Search code examples
pythonlistlambdastartswith

Most efficient way to get first value that startswith of large list


I have a very large list with over a 100M strings. An example of that list look as follows:

l = ['1,1,5.8067',
     '1,2,4.9700',
     '2,2,3.9623',
     '2,3,1.9438',
     '2,7,1.0645', 
     '3,3,8.9331',
     '3,5,2.6772',
     '3,7,3.8107',
     '3,9,7.1008']

I would like to get the first string that starts with e.g. '3'.

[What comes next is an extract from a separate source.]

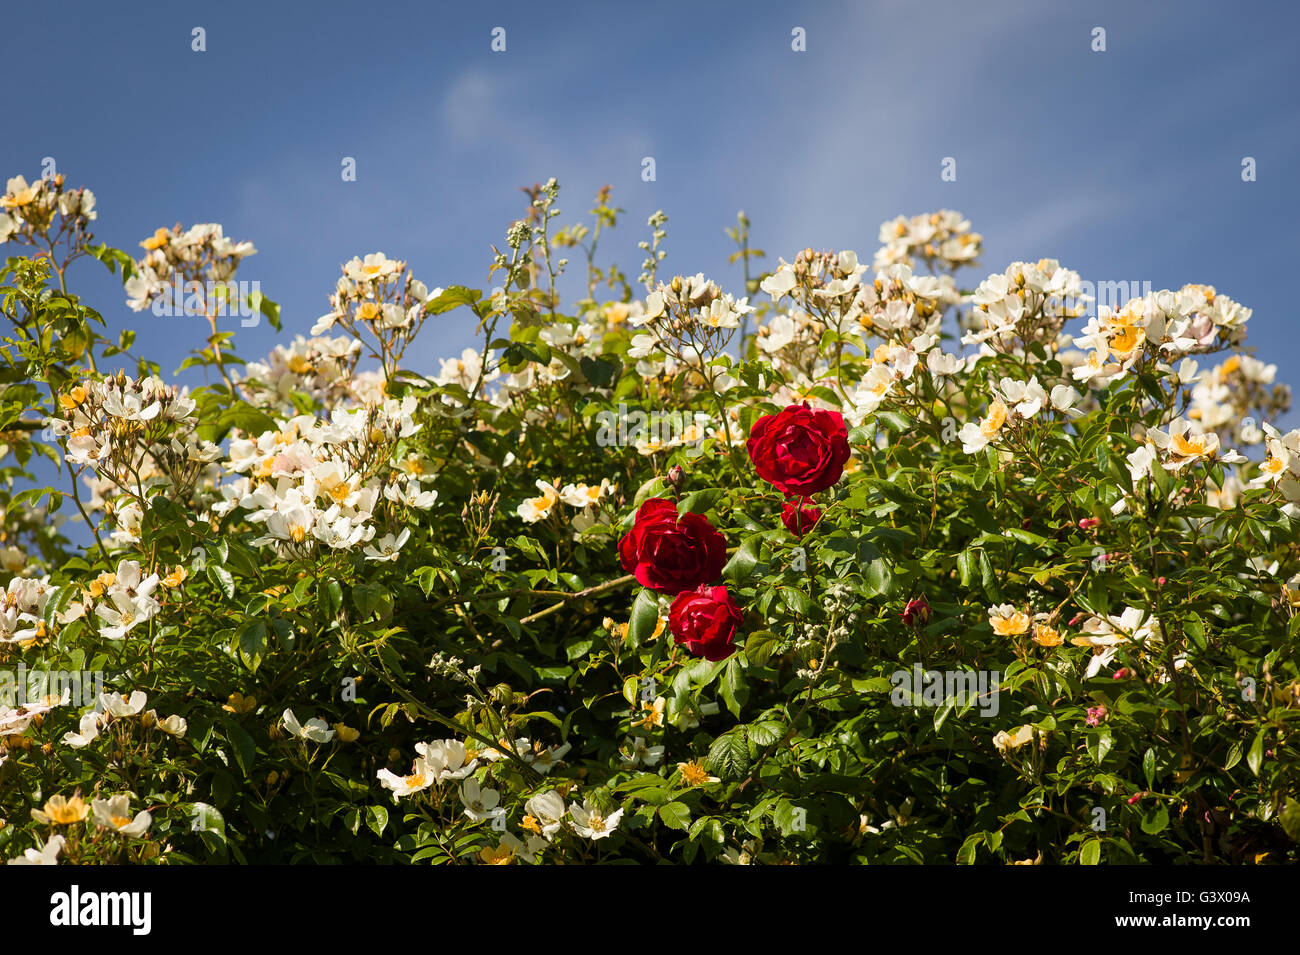 Rote rose Danse de Feu erscheint mitten in eine Masse von cremig weißen Blüten oder Rosa Hochzeitstag Stockfoto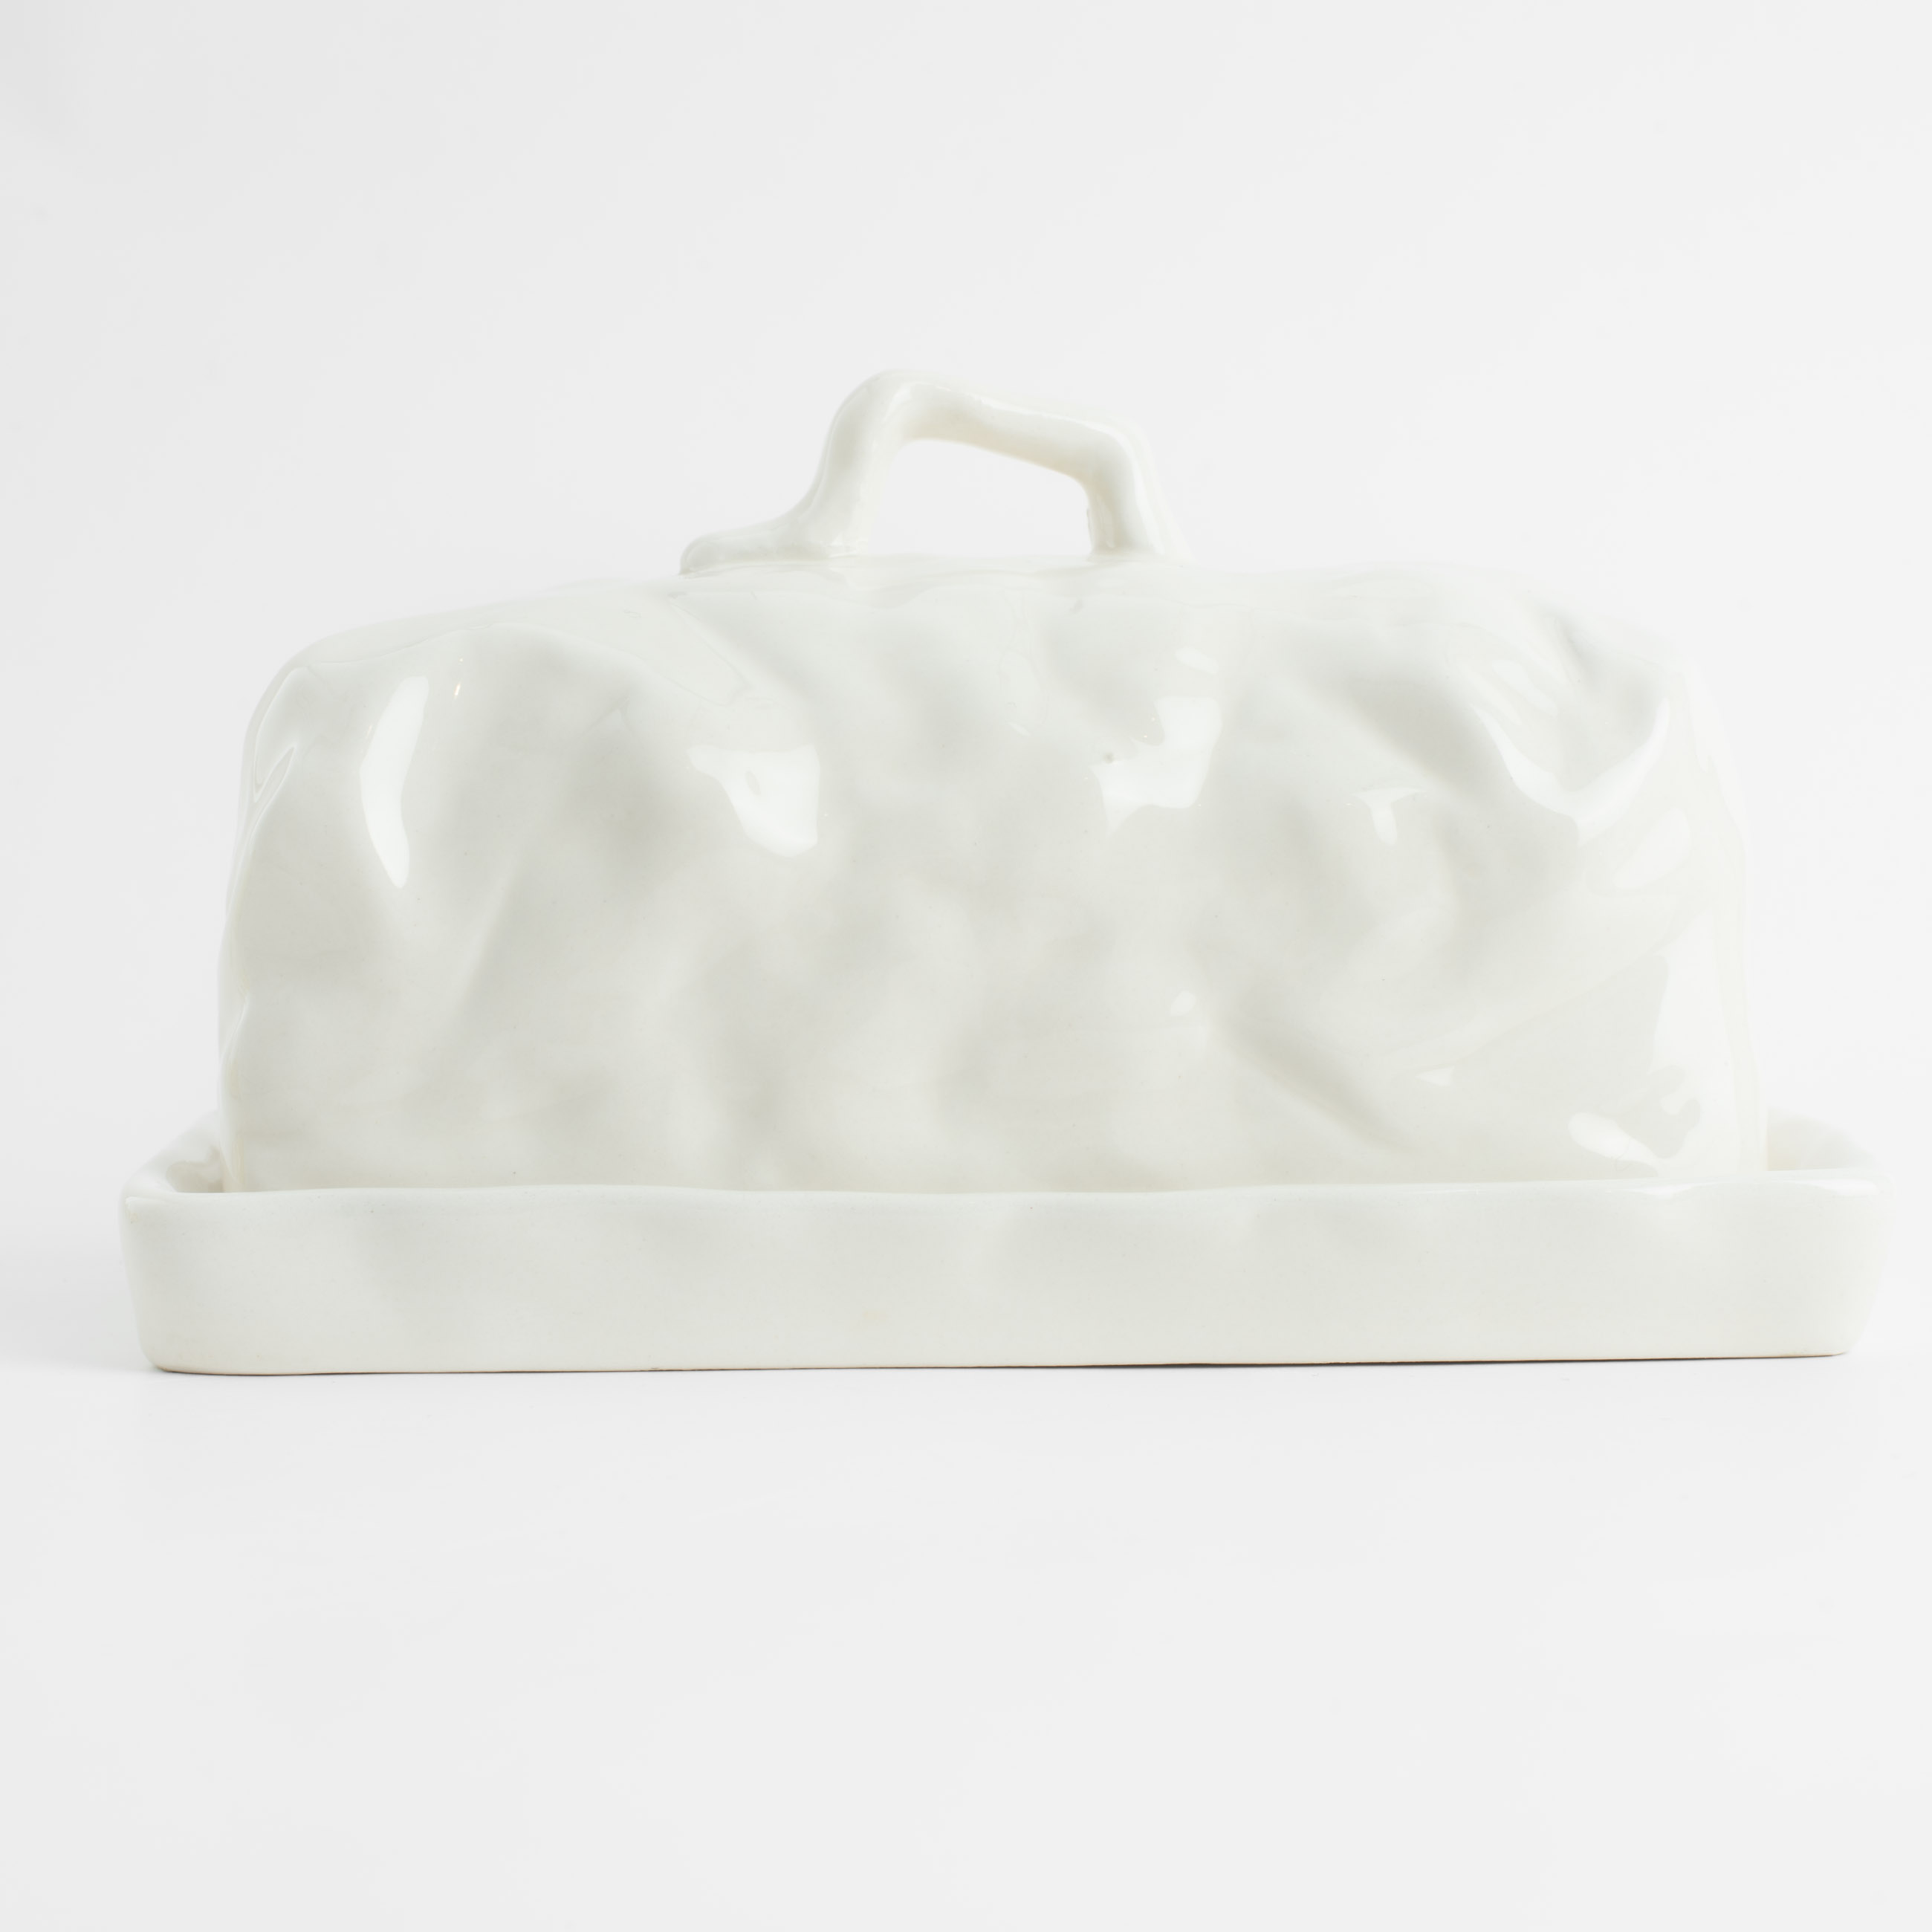 Масленка, 18 см, керамика, прямоугольная, молочная, Мятый эффект, Crumple изображение № 3

To do so, I have used a lambda iterator followed by next() to get the first item:

next(filter(lambda i: i.startswith('3,'), l))
Out[1]: '3,3,8.9331'

Considering the size of the list, this strategy unfortunately still takes relatively much time for a process I have to do over and over again. I was wondering if someone could come up with an even faster, more efficient approach. I am open for alternative strategies.


Solution

  • I have no way of testing it myself but it is possible that if you will join all the strings with a char that is not in any of the string:

    concat_list = '$'.join(l)
    

    And now use a simple .find('$3,'), it would be faster. It might happen if all the strings are relatively short. Since now all the string is in one place in memory.


    If the amount of unique letters in the text is small you can use Abrahamson-Kosaraju method and het time complexity of practically O(n)


    Another approach is to use joblib, create n threads when the i'th thread is checking the i + k * n, when one is finding the pattern it stops the others. So the time complexity is O(naive algorithm / n).